Même s’ils évitent le tiroir de la « world music », The Wanton Bishops restent un exotisme, car du blues rock survitaminé en provenance du Liban, il n’y en a pas des masses.
Comme chaque groupe de rock qui se respecte, The Wanton Bishops ont aussi leur légende des débuts. Celle qu’ils racontent dans leurs interviews et sur leur site commence avec une bagarre devant un bistro à Beyrouth. Tandis que les poings volent et qu’ils essaient de séparer les baroudeurs, Nader Mansour et Eddy Ghossein se rencontrent pour la première fois. Apparemment, c’est le coup de foudre, vu que peu de temps après ils commencent à picoler des tequilas et parler musique.
Leur amour commun pour le blues – le vrai, le dur, comme l’a joué Muddy Waters – les pousse assez vite à collaborer sur scène et à organiser leurs premières répétitions dans une petite salle à côté d’une boutique d’opticien dans leur ville natale. Photogéniques et fonceurs, les deux Blues Brothers du Moyen-Orient vont vite devenir les coqueluches de la machine médiatique. Surtout que leur premier single, « Sleep With the Lights On », a vite réalisé une virée virale sur le net. C’était en 2011, et leur premier EP, « Bad Rhyme », venait juste de sortir. Pour l’international, ils y ont ajouté quelques chansons pour en faire leur premier disque, éponyme du premier single – un album qui est ressorti en 2015 en version remastérisée pour le marché européen.
Assurément, The Wanton Bishops ont aussi bénéficié de la grâce du bon endroit au bon moment. Tandis que le monde musical commençait un peu à se lasser des lubies des White Stripes ou des Black Keys, leur « touch » personnel et exotique a été un avantage. Pourtant leur succès est amplement mérité, puisque justement Nader et Eddy n’essaient même pas de copier les pratiquants orthodoxes du blues contemporain. Ils s’inspirent directement de la source rudimentaire du delta blues et l’arrangent à leur sauce.
Comme le souligne un de leurs amis dans le reportage « Walk It Home » – sponsorisé par la marque de boissons énergisantes Red Bull -, qui retrace leur première tournée aux États-Unis : « Il y aura toujours un peu de Liban dans leur musique, quoi qu’ils fassent. » Le contexte géopolitique plus que difficile qui prend perpétuellement en étau leur pays natal y est aussi pour quelque chose.
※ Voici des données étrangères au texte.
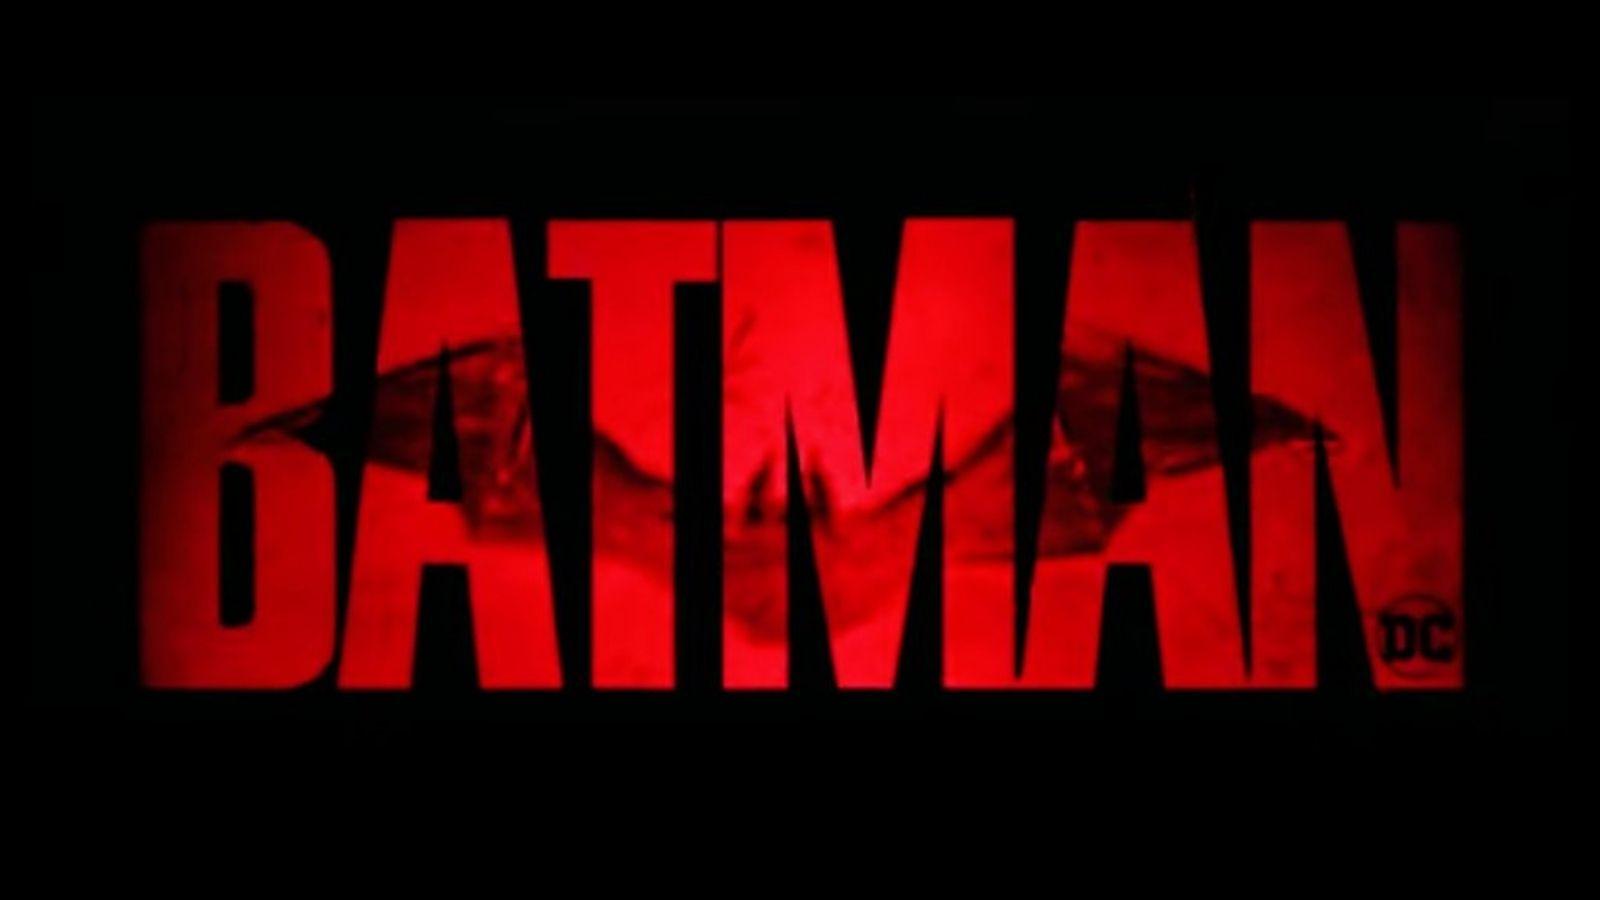 VIDEO: TRÁILER OFICIAL DE 'THE BATMAN' MUESTRA OTRA FACETA DE PATTINSON

Il est absolument clair que même la jeunesse dorée de Beyrouth (Nader Mansour a un diplôme de la Paris School of Business en finances tandis qu’Eddy Ghossein a lui fini ses études d’économie à la Saint Joseph University de Beyrouth) souffre des conséquences d’un conflit armé interethnique et interreligieux qui n’a jamais vraiment cessé de couver sous les braises.
En écoutant leur musique, on sent cette inquiétude permanente, cette insatisfaction auxquelles ils ne peuvent qu’opposer une joie de vivre et de jouir sans limites. Comme quoi, même une guerre civile peut avoir des effets positifs, ne serait-ce qu’en garantissant une certaine authenticité à de jeunes bluesmen qui perpétuent son histoire longue et sanglante. On pourra donc s’attendre à une soirée pleine de sueur et de passion mardi prochain.